Persistence Layout (Admin Data Dir)

Current layout under <admin-data-dir>/plugin/:

  • job_types/<job_type>/descriptor.pb
  • job_types/<job_type>/descriptor.json
  • job_types/<job_type>/config.pb
  • job_types/<job_type>/config.json
  • job_types/<job_type>/runs.json
  • jobs/tracked_jobs.json
  • activities/activities.json

config.pb should use PersistedJobTypeConfig from plugin.proto.

Admin UI

  • Route: /plugin
  • Includes:
    • runtime status,
    • workers/capabilities,
    • declarative descriptor-driven config forms,
    • run history (last 10 success + last 10 errors),
    • tracked jobs and activity stream,
    • manual actions for schema refresh, detection, and detect+execute workflow.

Scheduling Policy (Initial)

Detector selection per job type:

  • only workers with can_detect=true.
  • prefer healthy worker with highest free detection slots.
  • lease ends when heartbeat timeout or stream drop.

Execution dispatch:

  • only workers with can_execute=true.
  • select by available execution slots and least active jobs.
  • retry on failure using admin runtime retry config.

Safety and Reliability

  • Idempotency: dedupe proposals by (job_type, dedupe_key).
  • Backpressure: enforce max jobs per detection run.
  • Timeouts: detection and execution timeout from admin runtime config.
  • Replay-safe persistence: write job state changes before emitting UI events.
  • Heartbeat-based failover for detector/executor reassignment.

Backward Compatibility

  • Legacy worker.proto runtime remains internally available where still referenced.
  • External CLI worker path is moved to plugin runtime behavior.
  • Runtime is enabled by default on admin worker gRPC server.

Incremental Rollout Plan

Phase 1

  • Introduce protocol and storage models only.

Phase 2

  • Build admin registry/scheduler/dispatcher behind feature flag.

Phase 3

  • Add dedicated plugin UI pages and metrics.

Phase 4

  • Port one existing job type (e.g. vacuum) as external worker plugin.

Phase 4 status (starter)

  • Added weed worker command as an external plugin.proto worker process.
  • Initial handler implements vacuum job type with:
    • declarative descriptor/config form response (ConfigSchemaResponse),
    • detection via master topology scan (RunDetectionRequest),
    • execution via existing vacuum task logic (ExecuteJobRequest),
    • heartbeat/load reporting for monitor UI.
  • Legacy maintenance-worker-specific CLI path is removed.

Run example:

  • Start admin: weed admin -master=localhost:9333
  • Start worker: weed worker -admin=localhost:23646
  • Optional explicit job type: weed worker -admin=localhost:23646 -jobType=vacuum
  • Optional stable worker ID persistence: weed worker -admin=localhost:23646 -workingDir=/var/lib/seaweedfs-plugin

Phase 5

  • Migrate remaining job types and deprecate old mechanism.

Agreed Defaults

  1. Detector multiplicity
  • Exactly one detector worker per job type at a time.
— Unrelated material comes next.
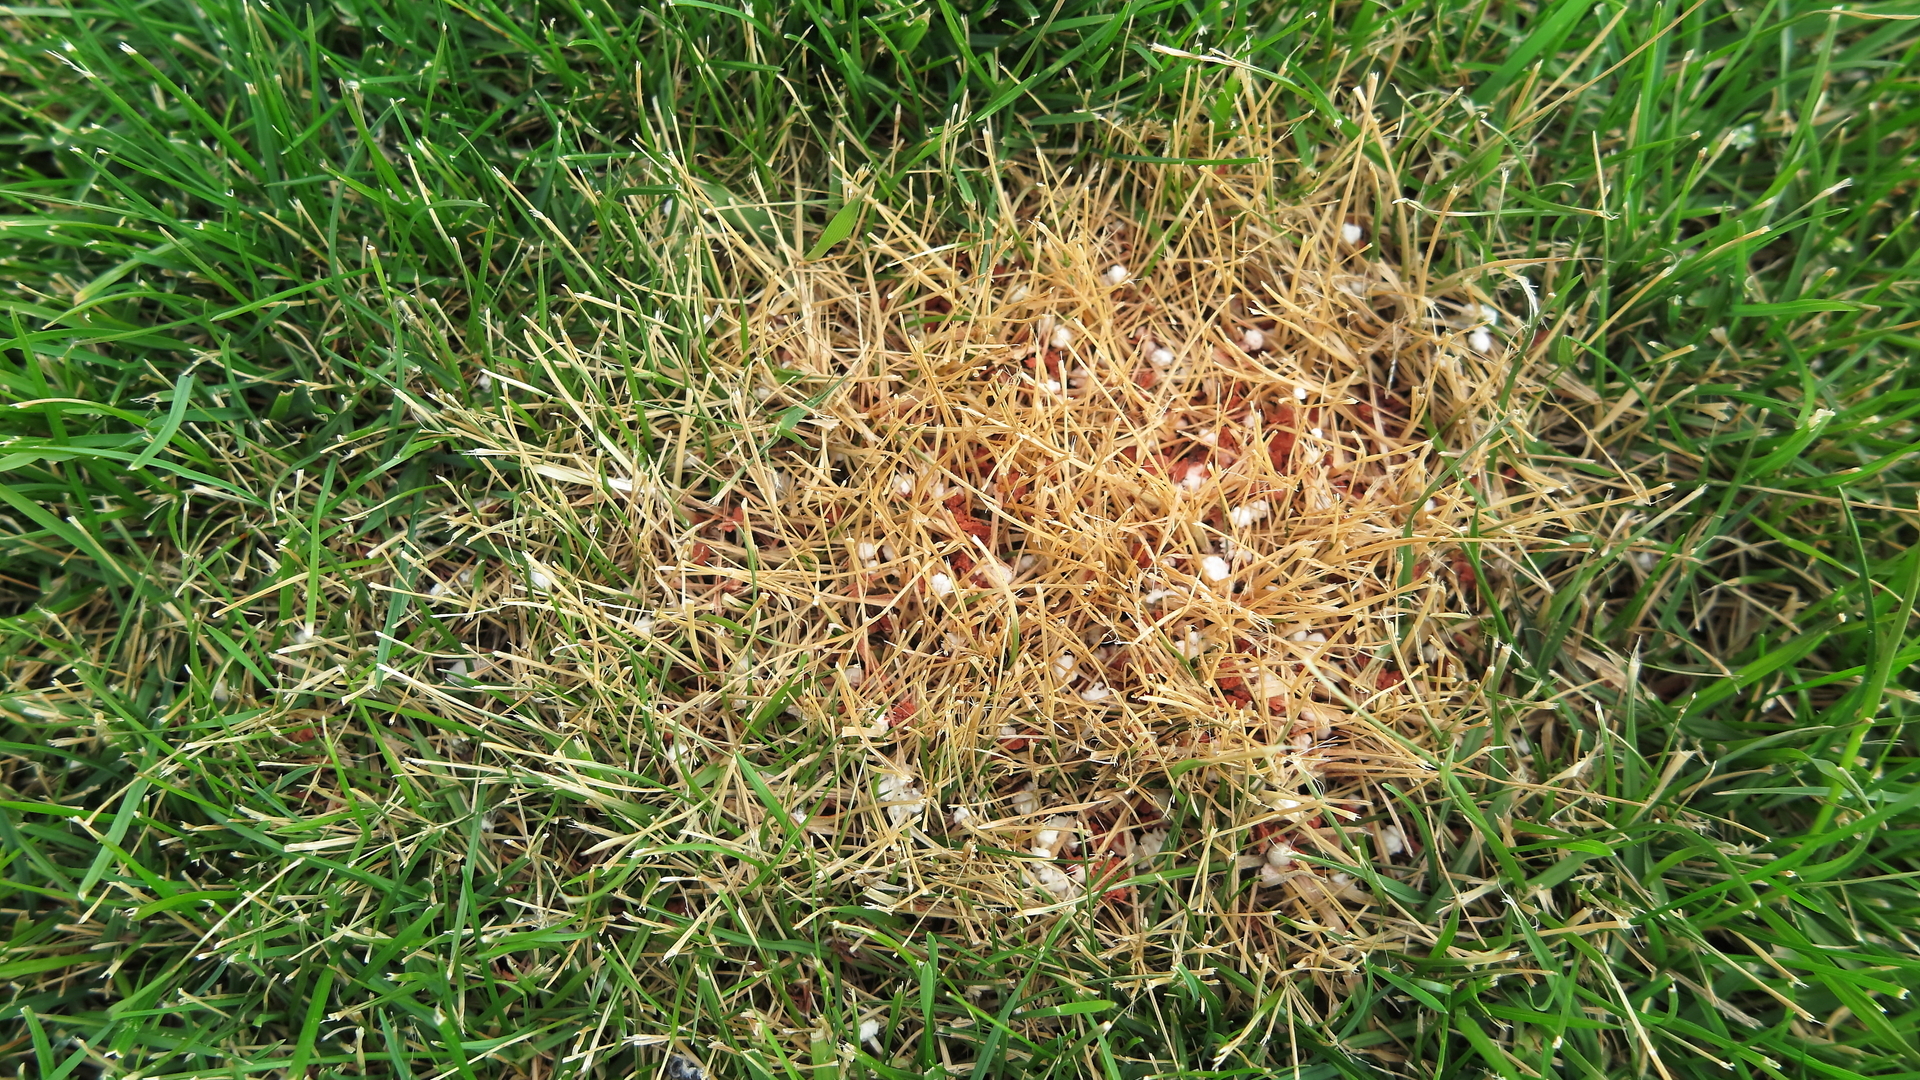 Signs That Indicate Your Lawn Has Likely Been Over-Fertilized
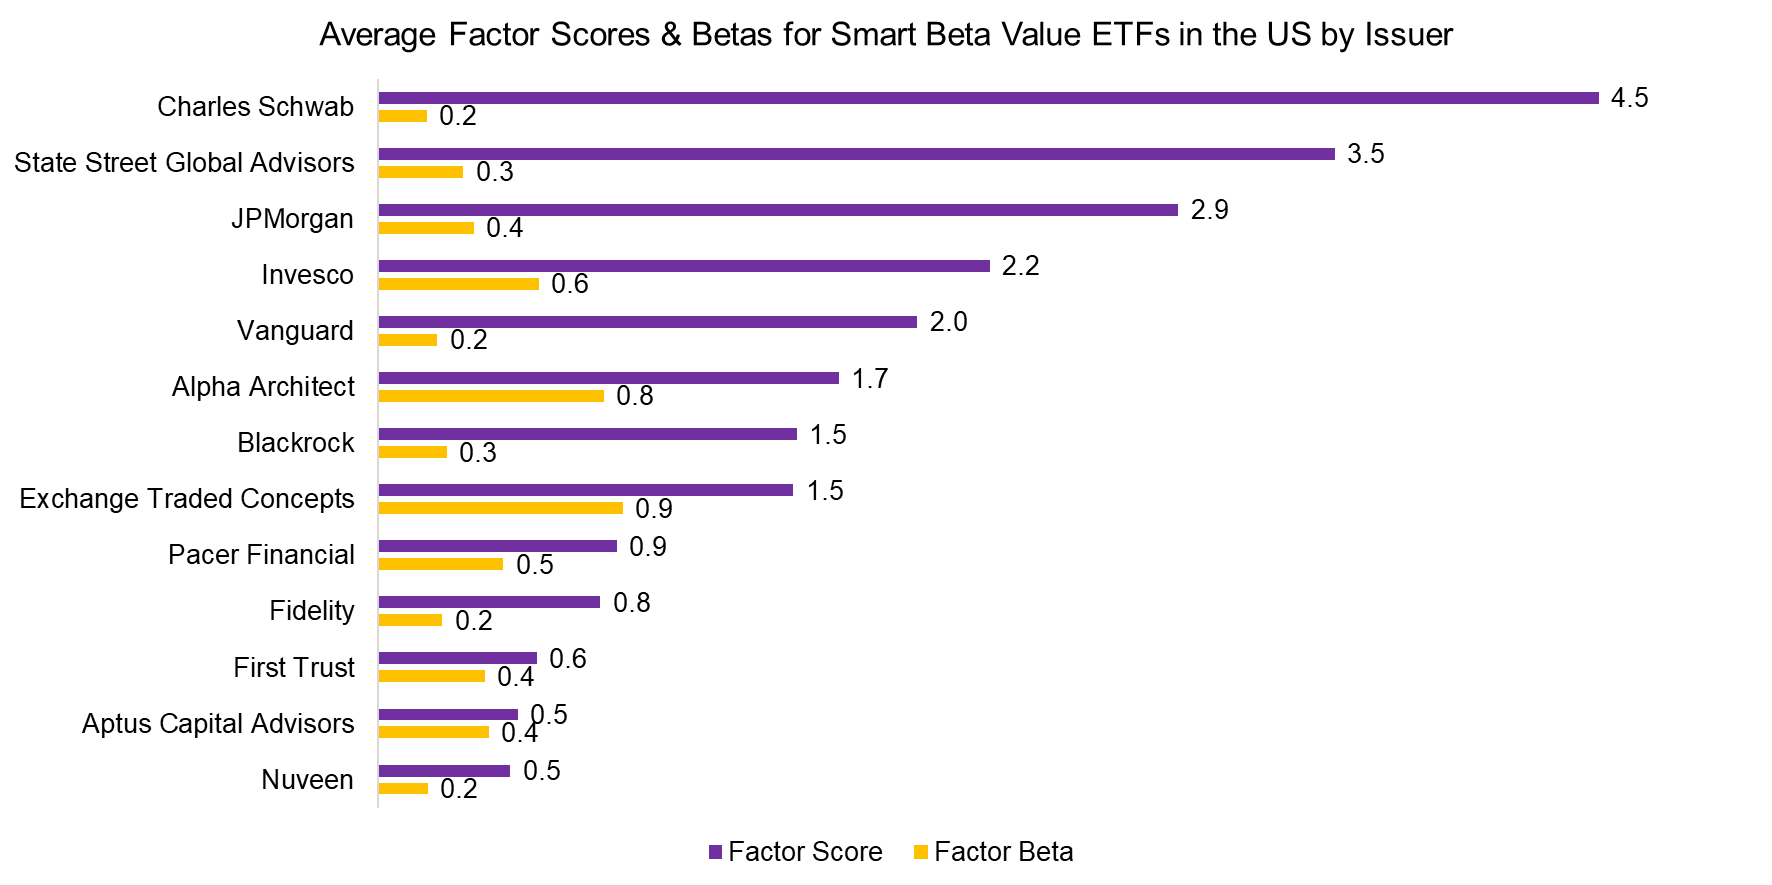 Average Factor Scores & Betas for Smart Beta Value ETFs in the US by Issuer

Admin selects one worker and runs detection there.
  1. Secret handling
  • No encryption at rest required for plugin config in this phase.
  1. Schema compatibility
  • No migration policy required yet; this is a new system.
  1. Execution ownership
  • Same worker is allowed to do both detection and execution.
  1. Retention
  • Keep last 10 successful runs and last 10 error runs per job type.